碳材料作为钾离子储存的阳极被广泛探索,但在低温下电解质中缓慢的K+脱溶过程存在动力学限制,阻碍了在特定条件下的可靠运行。在这项工作中,我们系统地研究了四种典型的碳材料——石墨、硬碳、活性炭和石墨烯——在1 M KFSI-Diglyme电解质中的钾储存行为,强调了一种显著降低脱溶能垒的共插层方法。通过石墨共插层形成三元石墨插层化合物(t-GICs),石墨层与溶剂化K+之间产生弱的层间相互作用,加速K+在阳极中的扩散,从而提高反应动力学。这种独特的机制使石墨阳极即使在- 20°C下也能提供显着的倍率性能(0.05 A g−1时98 mAh g−1,1 A g−1时76 mAh g−1)。此外,使用石墨阳极的钾离子混合电容器(PICs)实现了令人印象深刻的循环稳定性,在2 A g - 1下循环2000次后,其容量保持率为88%,在- 20°C下的高功率密度为11.1 kW kg - 1 (57 Wh kg - 1)。这些发现为设计能够在低温环境中保持高性能的坚固的钾离子存储装置提供了关键见解。
期刊介绍:
The journal Carbon is an international multidisciplinary forum for communicating scientific advances in the field of carbon materials. It reports new findings related to the formation, structure, properties, behaviors, and technological applications of carbons. Carbons are a broad class of ordered or disordered solid phases composed primarily of elemental carbon, including but not limited to carbon black, carbon fibers and filaments, carbon nanotubes, diamond and diamond-like carbon, fullerenes, glassy carbon, graphite, graphene, graphene-oxide, porous carbons, pyrolytic carbon, and other sp2 and non-sp2 hybridized carbon systems. Carbon is the companion title to the open access journal Carbon Trends.
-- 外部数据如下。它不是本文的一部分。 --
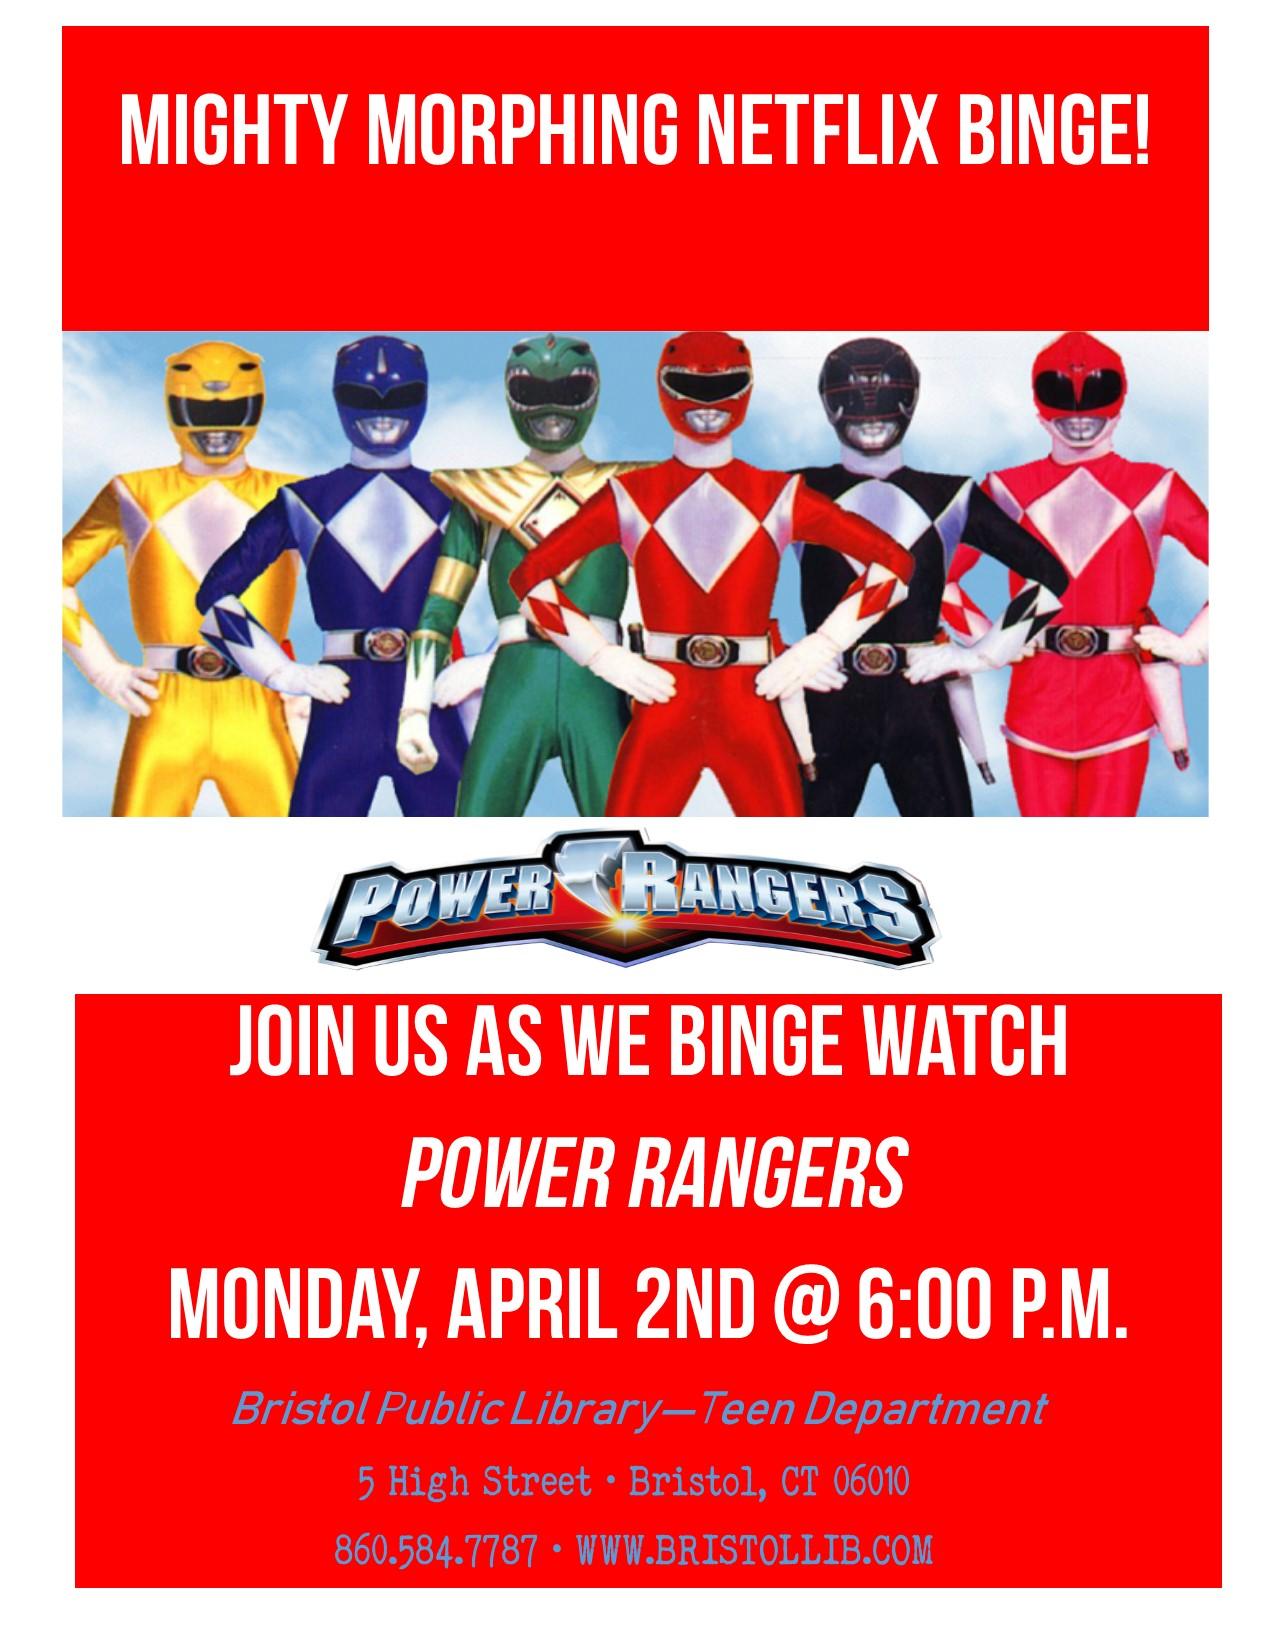 Netflix Binge: Power Rangers - Bristol Public Library

Relevant application areas for carbon materials include biology and medicine, catalysis, electronic, optoelectronic, spintronic, high-frequency, and photonic devices, energy storage and conversion systems, environmental applications and water treatment, smart materials and systems, and structural and thermal applications.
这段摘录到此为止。